The increasing sophistication of cyber threats has necessitated the development of advanced detection mechanisms capable of identifying malicious activities with high precision and efficiency. A novel approach, termed Autonomous Feature Resonance, is introduced to address the limitations of traditional ransomware detection methods through the analysis of entropy-based feature interactions within system processes. The proposed method achieves an overall detection accuracy of 97.3\%, with false positive and false negative rates of 1.8\% and 2.1\%, respectively, outperforming existing techniques such as signature-based detection and behavioral analysis. Its decentralized architecture enables local processing of data, reducing latency and improving scalability, while a self-learning mechanism ensures continuous adaptation to emerging threats. Experimental results demonstrate consistent performance across diverse ransomware families, including LockBit 3.0, BlackCat, and Royal, with low detection latency and efficient resource utilization. The method's reliance on entropy as a distinguishing feature provides robustness against obfuscation techniques, making it suitable for real-time deployment in high-throughput environments. These findings highlight the potential of entropy-based approaches to enhance cybersecurity frameworks, offering a scalable and adaptive solution for modern ransomware detection challenges.

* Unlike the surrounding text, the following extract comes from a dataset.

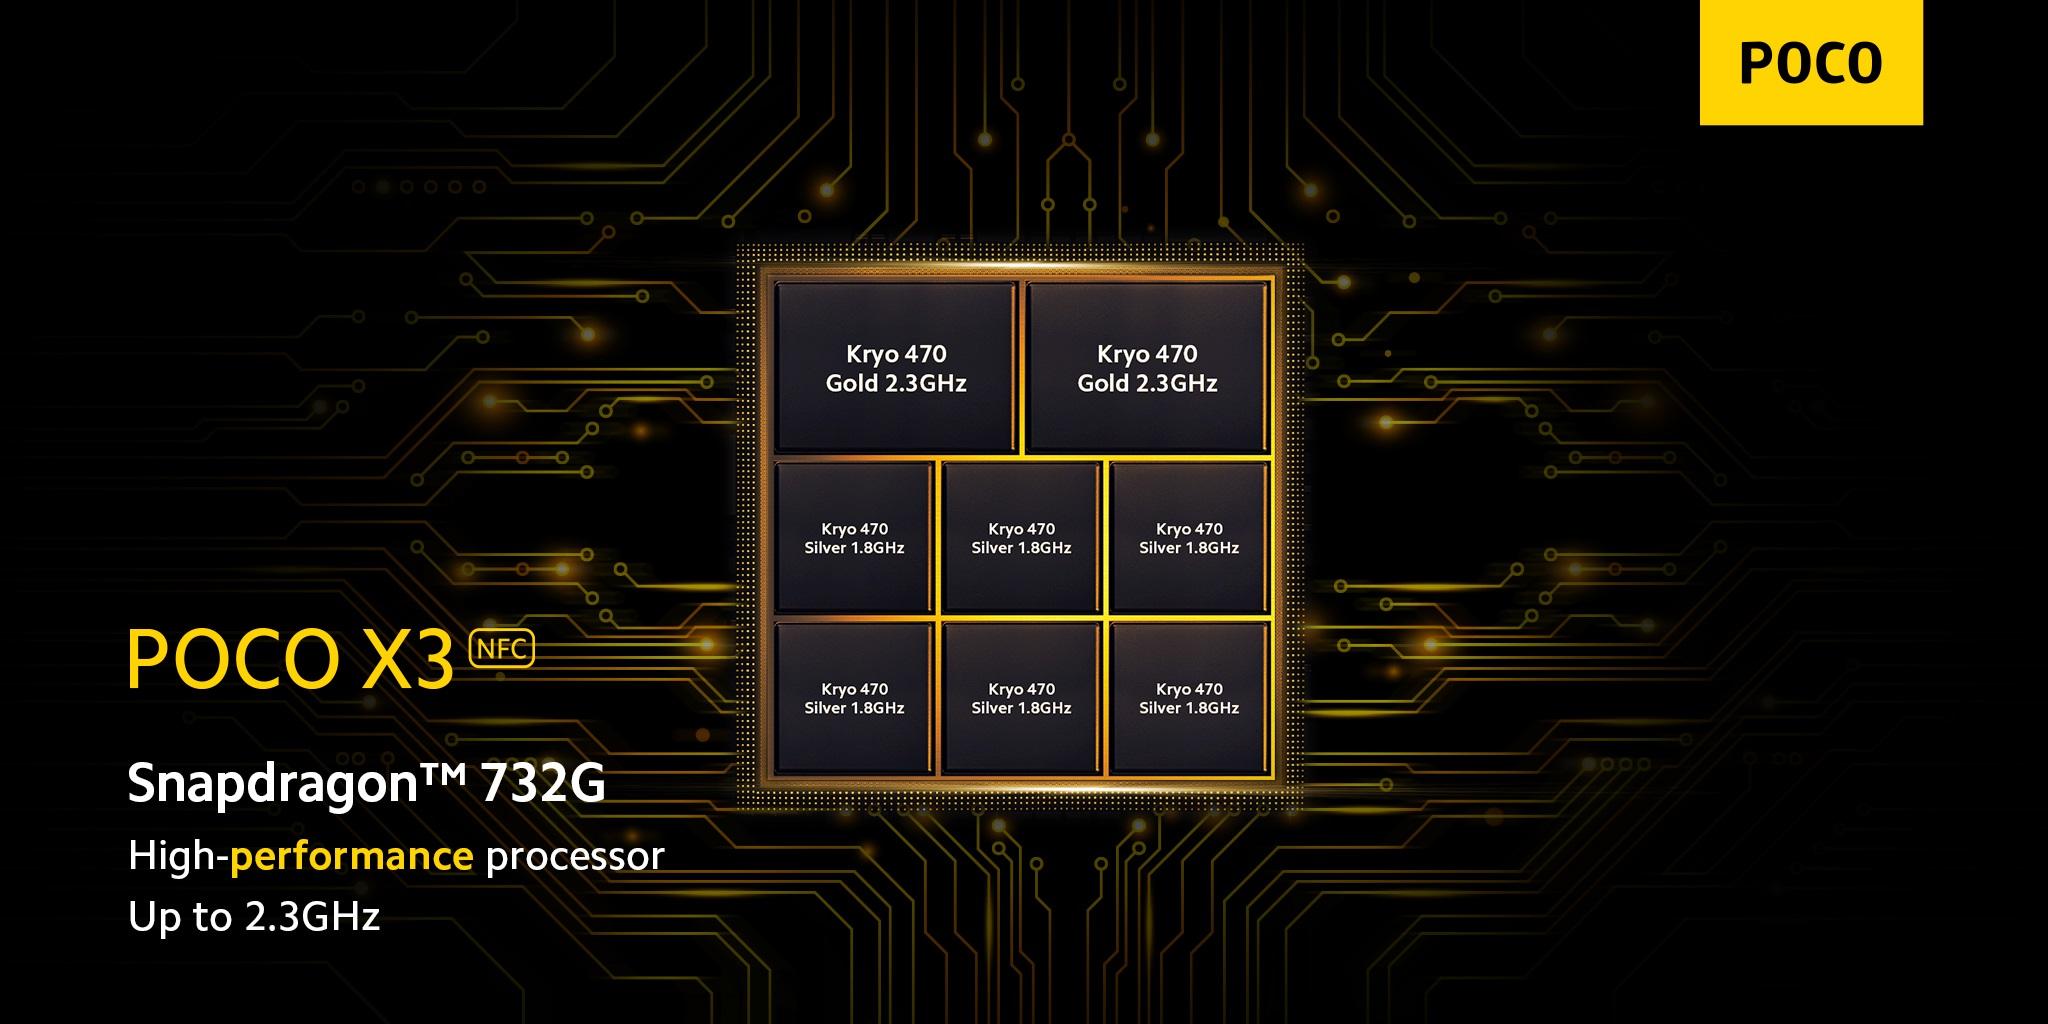 POCO X3 NFC Qualcomm Snapdragon 732G

翻译：网络威胁日益复杂化，亟需开发能够以高精度和高效率识别恶意活动的高级检测机制。本文提出一种名为自主特征共振的新方法，通过分析系统进程中基于熵的特征交互，以解决传统勒索软件检测方法的局限性。所提方法实现了97.3%的整体检测准确率，误报率和漏报率分别为1.8%和2.1%，其性能优于基于特征的检测和行为分析等现有技术。其分布式架构支持数据的本地化处理，降低了延迟并提升了可扩展性，而自学习机制确保了对新兴威胁的持续适应能力。实验结果表明，该方法在包括LockBit 3.0、BlackCat和Royal在内的多种勒索软件家族上均表现出一致的性能，具有较低的检测延迟和高效的资源利用率。该方法以熵作为区分特征，使其对混淆技术具有鲁棒性，适合在高吞吐量环境中进行实时部署。这些发现凸显了基于熵的方法在增强网络安全框架方面的潜力，为应对现代勒索软件检测挑战提供了一种可扩展且自适应的解决方案。